#### [Prompt]
All of the data goes into your copy exactly as written. Images do not.
:: Supplied information ::
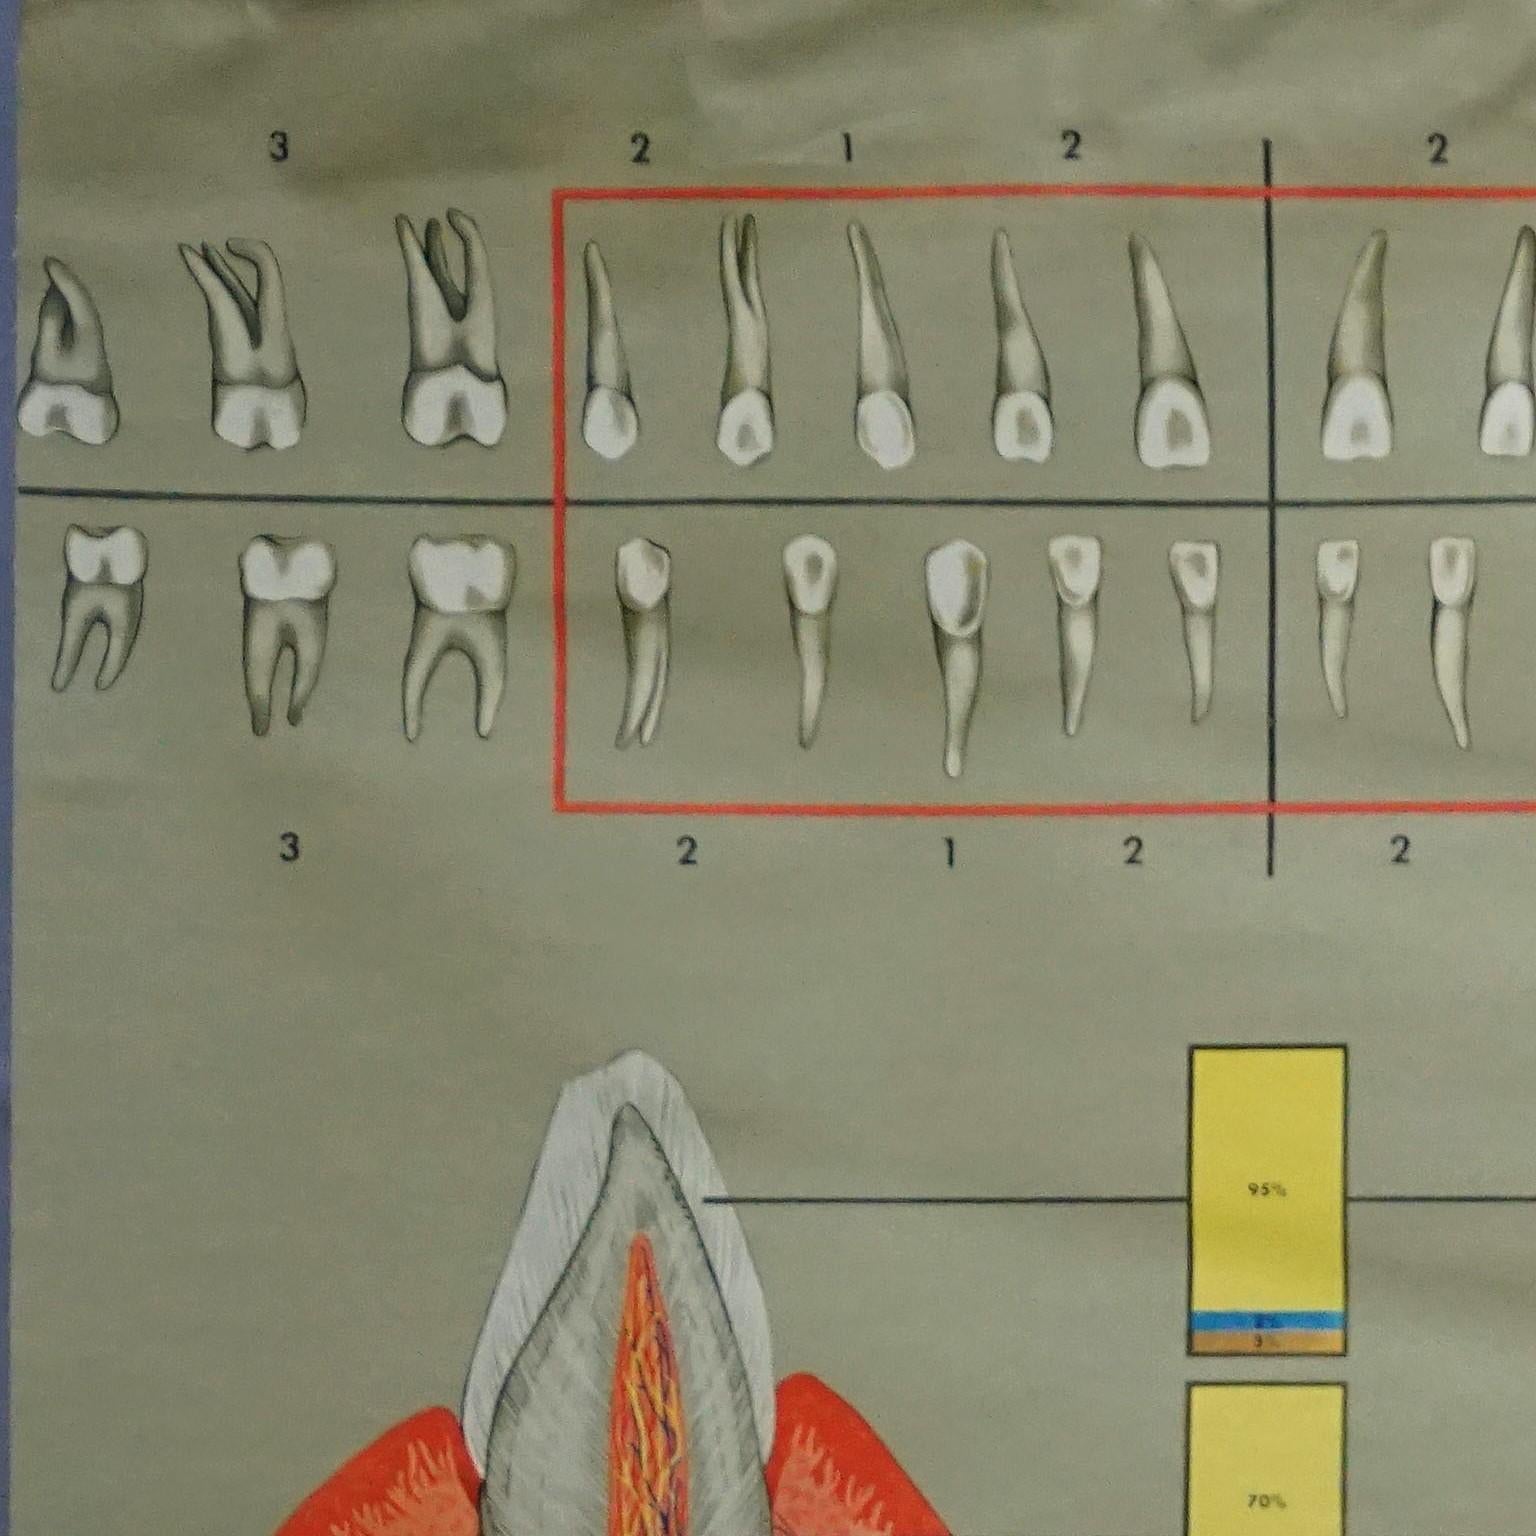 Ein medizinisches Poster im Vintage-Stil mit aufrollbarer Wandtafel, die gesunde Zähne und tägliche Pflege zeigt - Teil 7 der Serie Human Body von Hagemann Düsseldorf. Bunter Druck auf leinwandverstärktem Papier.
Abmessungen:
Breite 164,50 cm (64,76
:::
#### [Answer to this exercise]
 Ein medizinisches Poster im Vintage-Stil mit aufrollbarer Wandtafel, die gesunde Zähne und tägliche Pflege zeigt - Teil 7 der Serie Human Body von Hagemann Düsseldorf. Bunter Druck auf leinwandverstärktem Papier.
Abmessungen:
Breite 164,50 cm (64,76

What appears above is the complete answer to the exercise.